▶ **Work to complete**: Where the data below shows a picture, leave that picture out and copy the rest exactly.
START The data
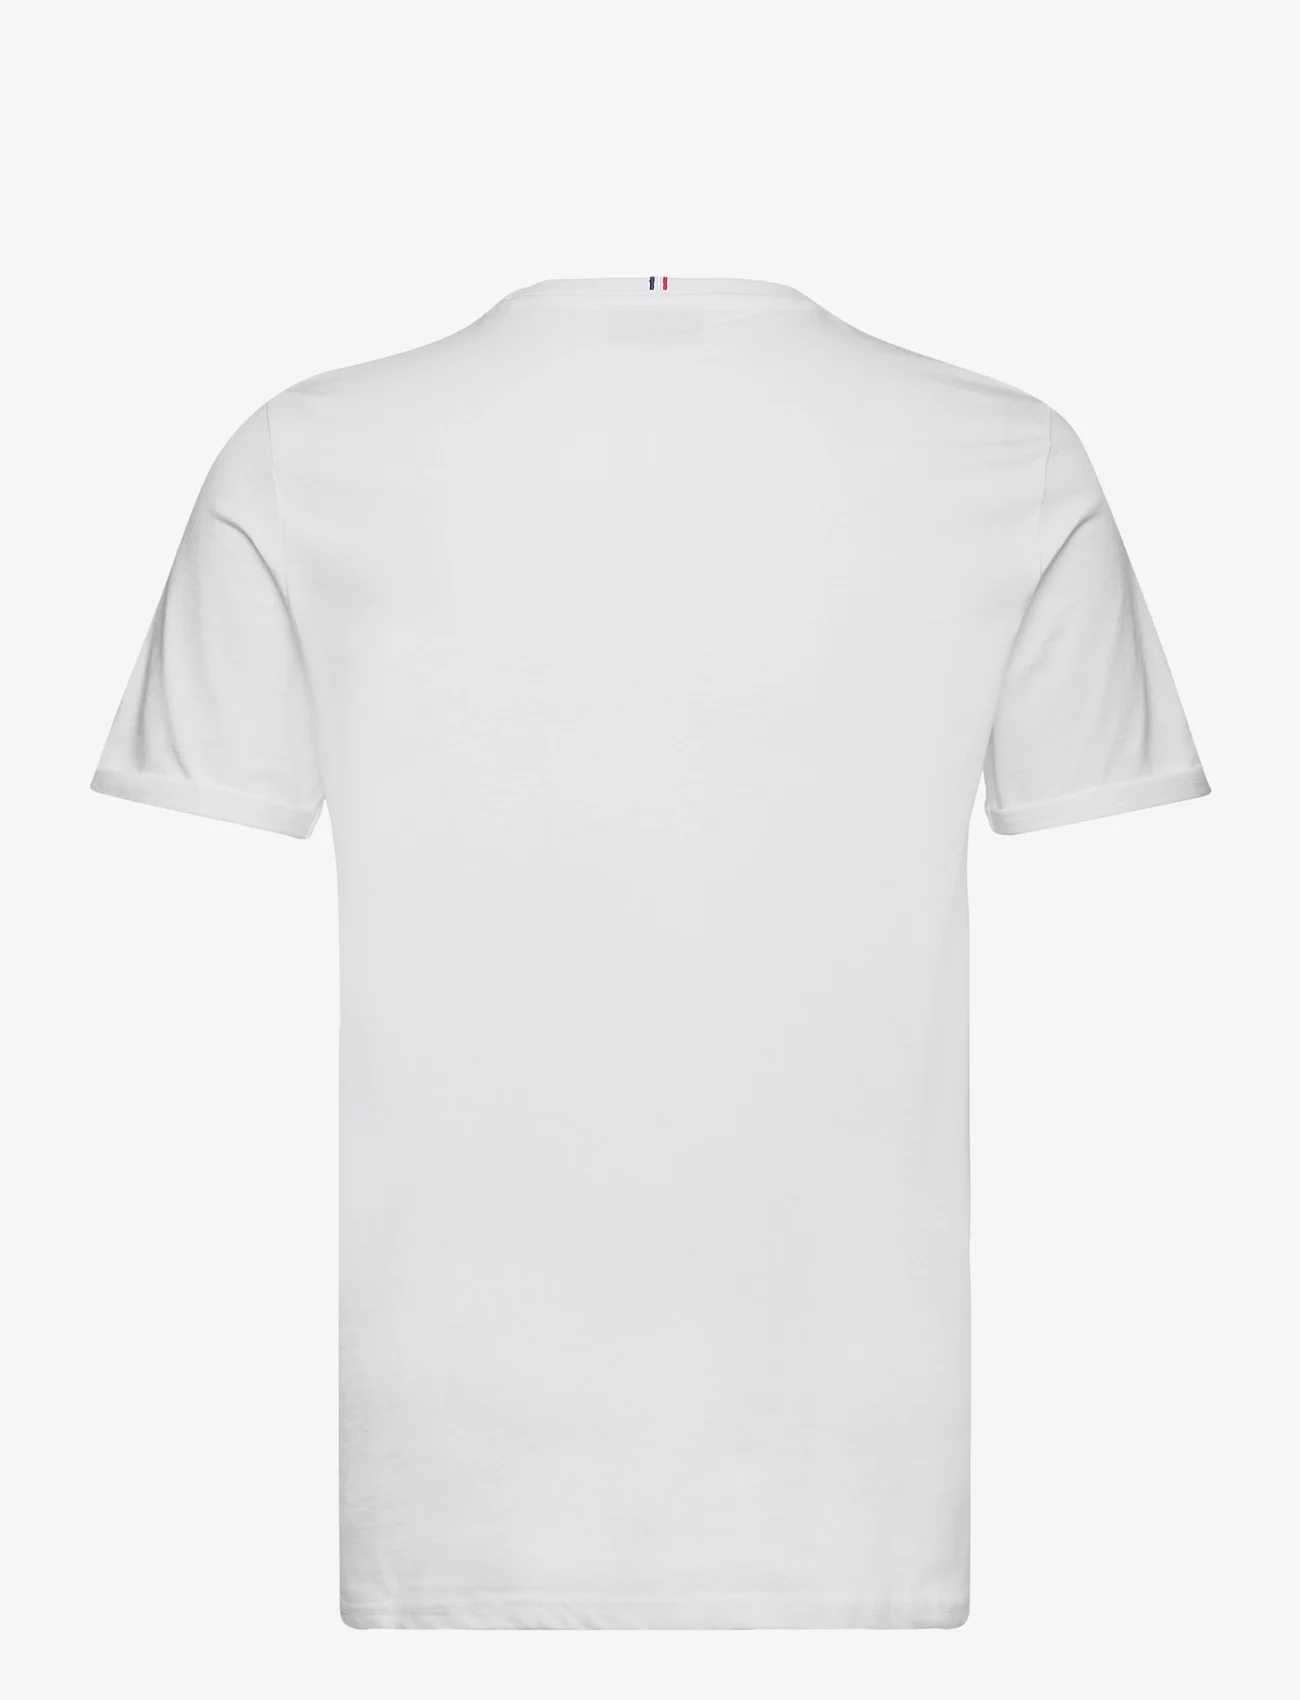 Les Deux - Piece T-Shirt - laveste priser - white/charcoal-mint - 1
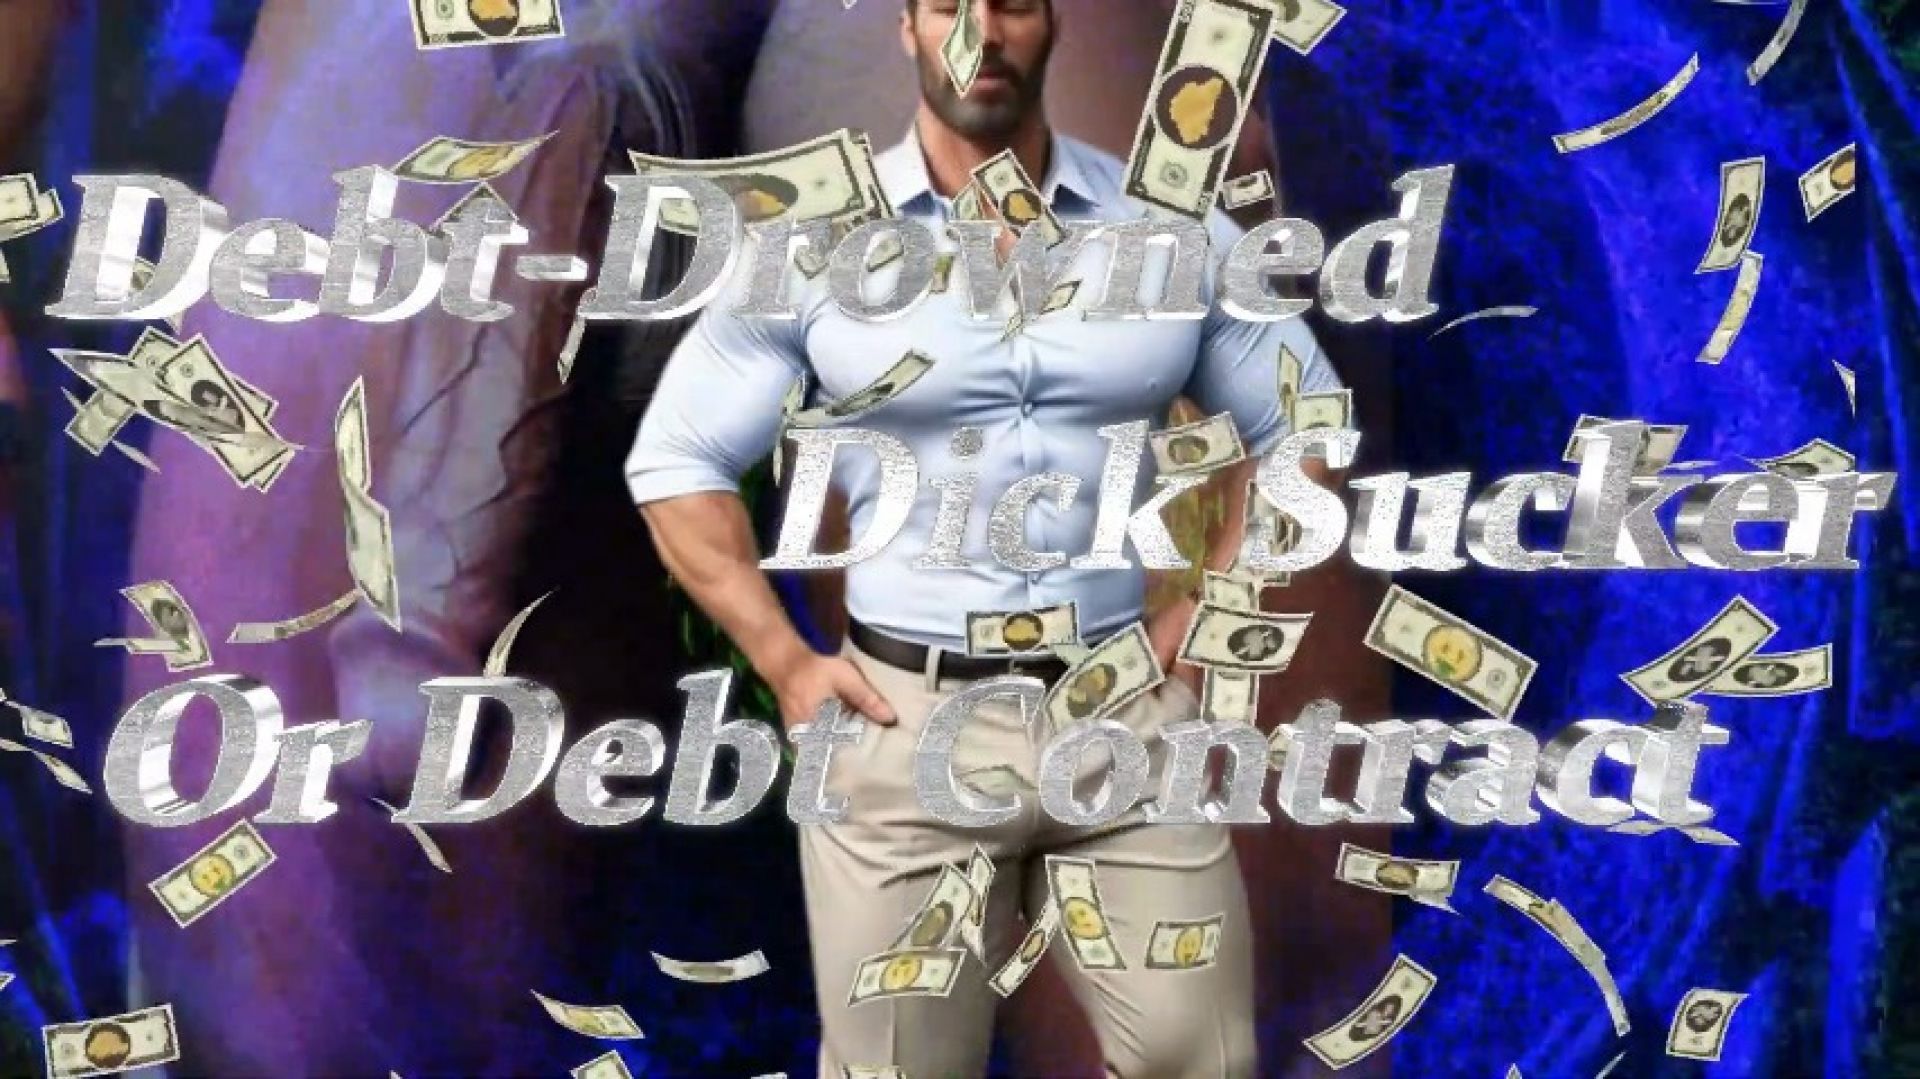 Debt-Drowned Dick Sucker Or Debt Contract
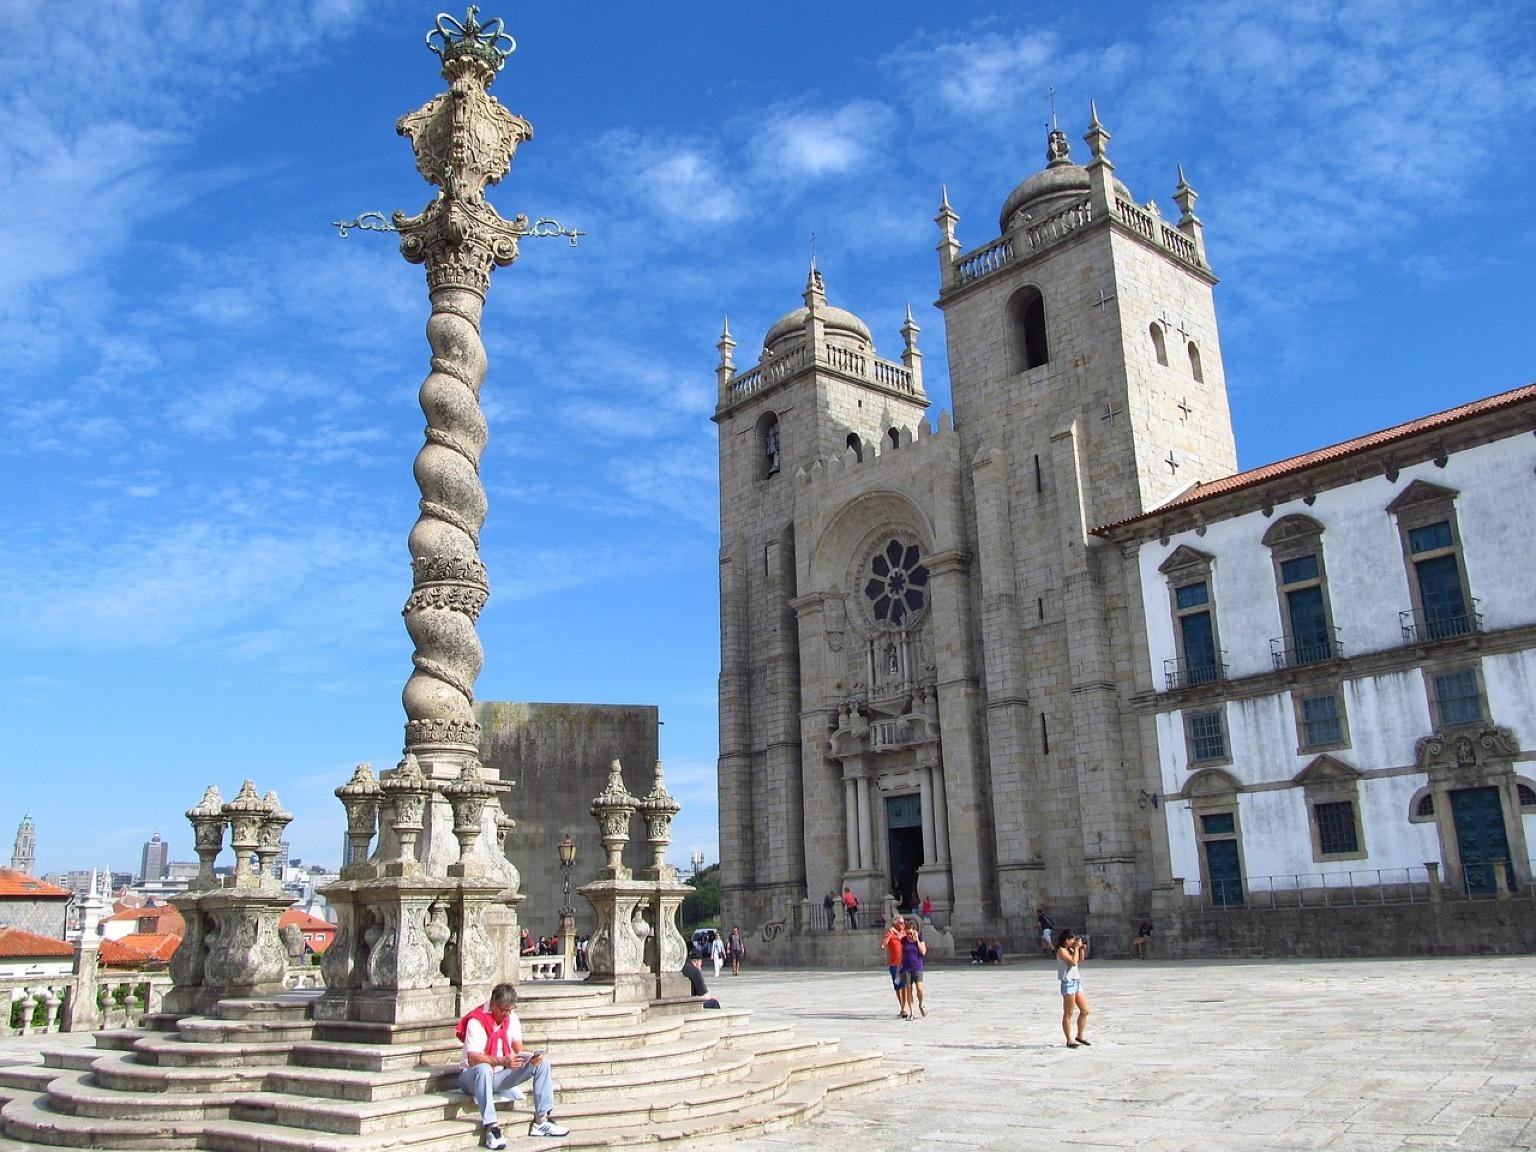 La coexistence harmonieuse de l'histoire et de la beauté à la cathédrale de Porto et au pilori.
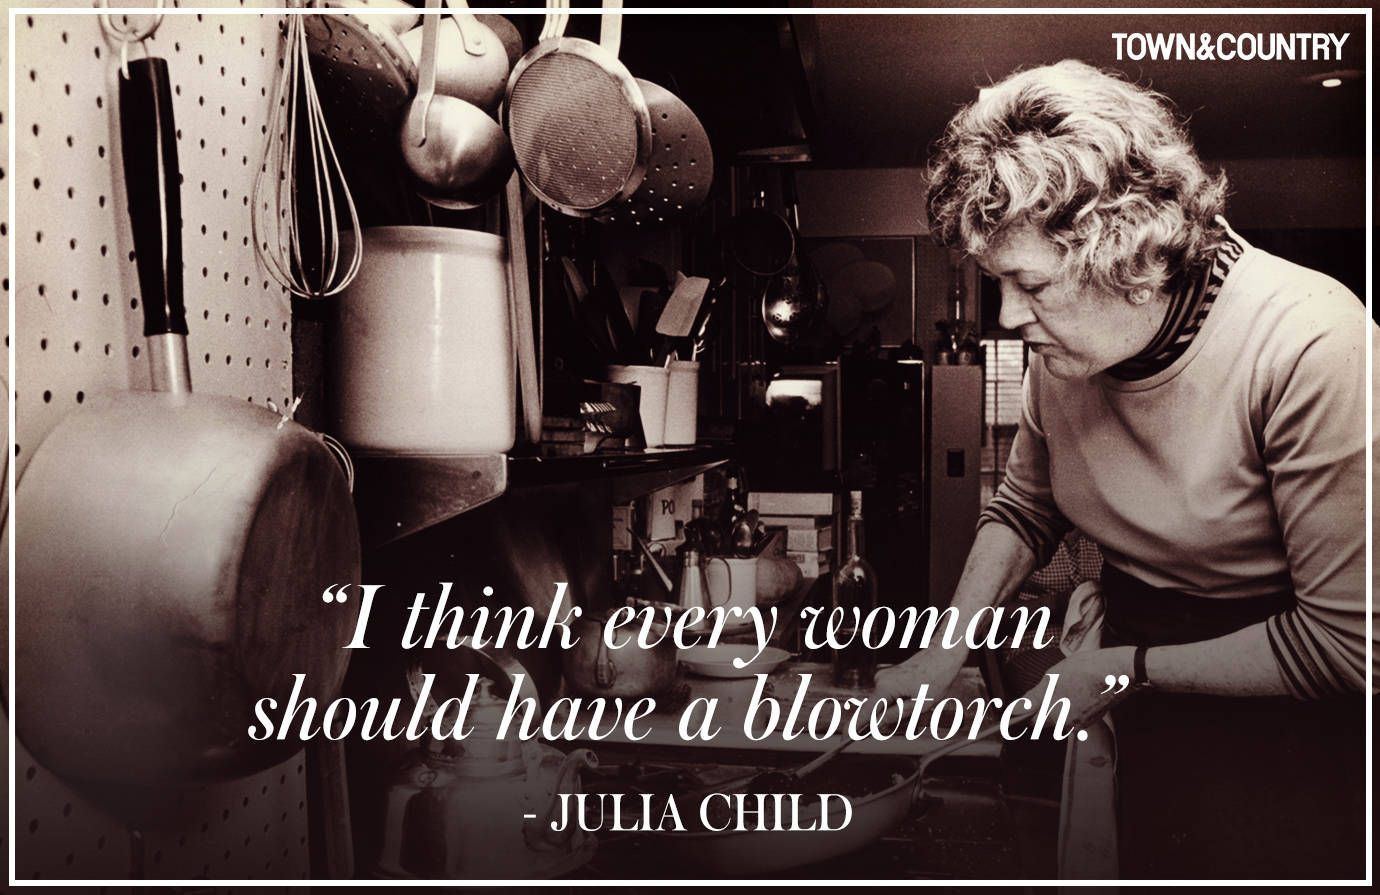 julia child quotes
END The data
▶ **Written solution**:
 Les Deux - Piece T-Shirt - laveste priser - white/charcoal-mint - 1
 Debt-Drowned Dick Sucker Or Debt Contract
 La coexistence harmonieuse de l'histoire et de la beauté à la cathédrale de Porto et au pilori.
 julia child quotes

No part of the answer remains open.